The tranfformation is happening in AWS Glue Spark job. In the example below I group rows by “item_guid” and “item_name” and aggregate “option” column into a collection set. A collection set is an array, however later I will need to map it to a Postgres database and I need to make that array into a string. Thus,
array_to_string_df = grouped_df.withColumn("option", concat_ws(',', col("option")))

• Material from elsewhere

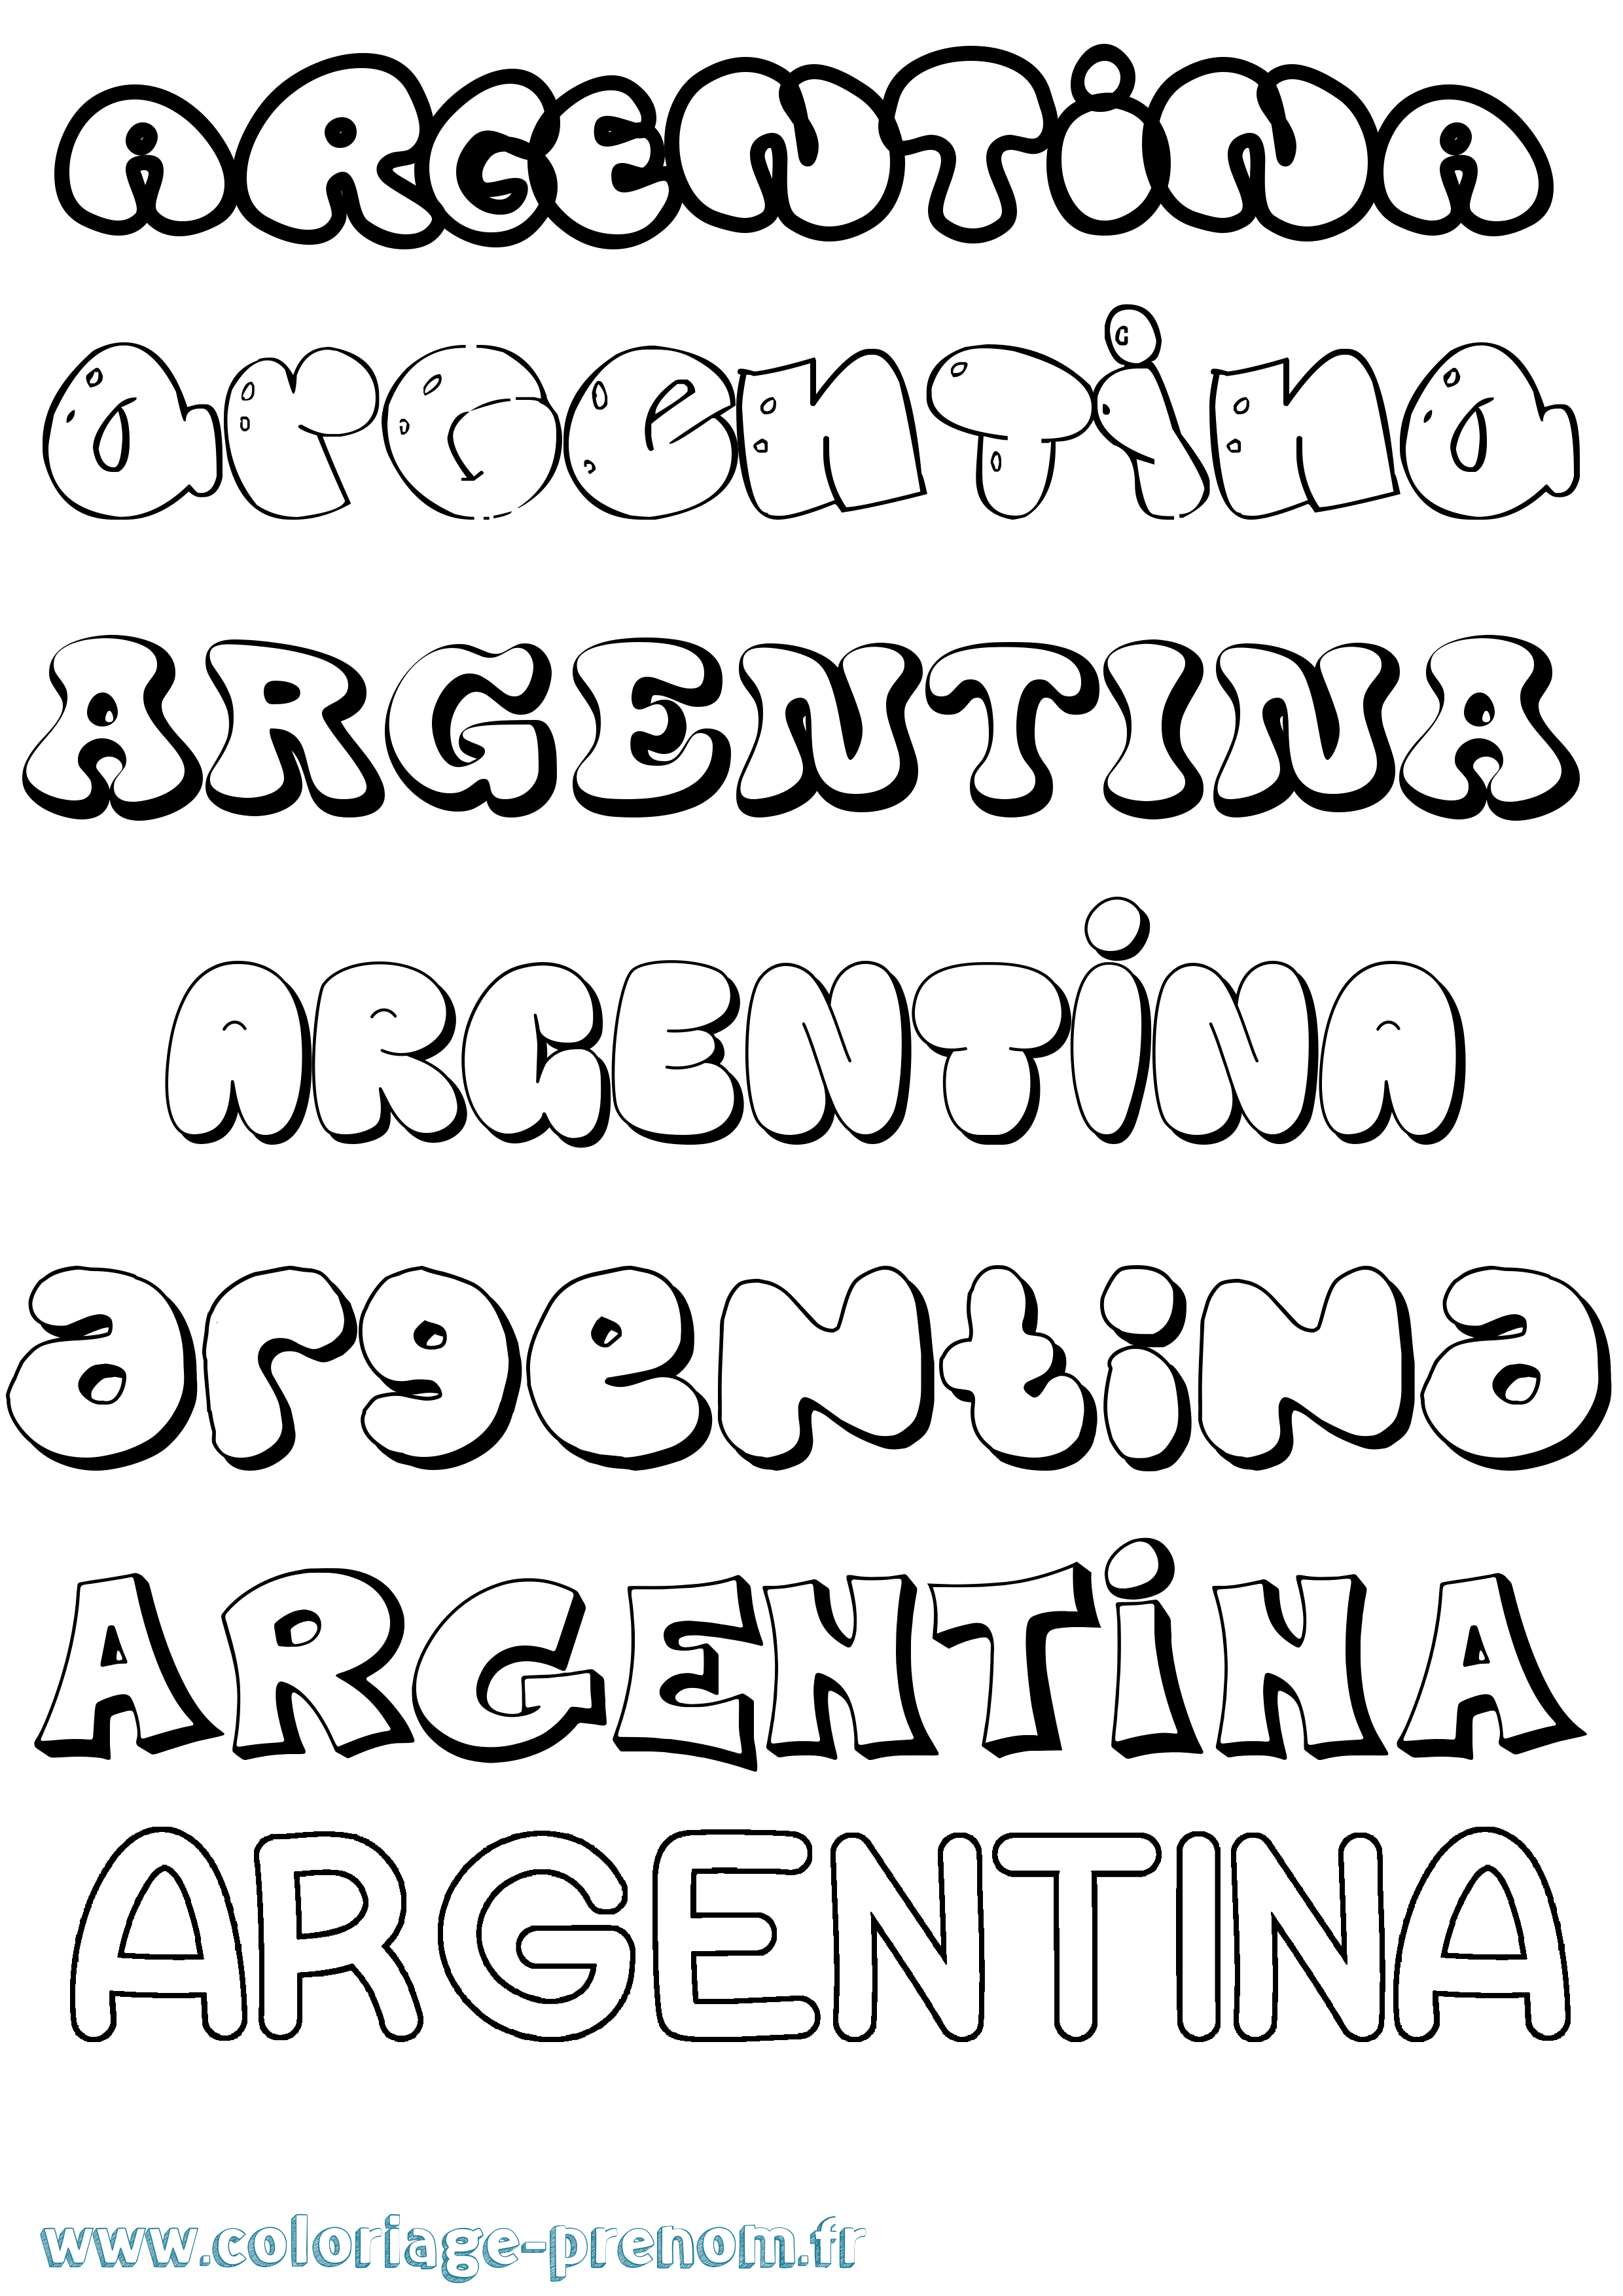 Coloriage prénom Argentina Bubble

will transform options into comma separated strings. However, for the Postgres which column for options has type text[], the string must be enclosed into curly braces and should look like: {90000,86000,81000}
The question: How can I in the latest step of transformation make options value into “{90000,86000,81000}” enclosed string? It seems like a simple trick but I couln't come up with an elegant solution to solve it.
Code Example:
from pyspark.sql.functions import collect_list, collect_set, concat_ws, col, lit
simpleData = [("001","1122","YPIA_PROD",90000),
("002","1122","YPIA_PROD",86000),
("003","1122","YPIA_PROD",81000),
("004","1122","YPIA_ABC",90000),
("005","1133","YPIA_PROD",99000),
("006","1133","YPIA_PROD",83000),
("007","1144","YPIA_PROD",79000),
("008","1144","YPIA_PROD",80000),
("009","1144","YPIA_ABC",91000)
]
rrd = spark.sparkContext.parallelize(simpleData)
df = rrd.toDF(["id","item_guid","item_name","option"])
df.show()
grouped_df = df.groupby("item_guid", "item_name").agg(collect_set("option").alias("option"))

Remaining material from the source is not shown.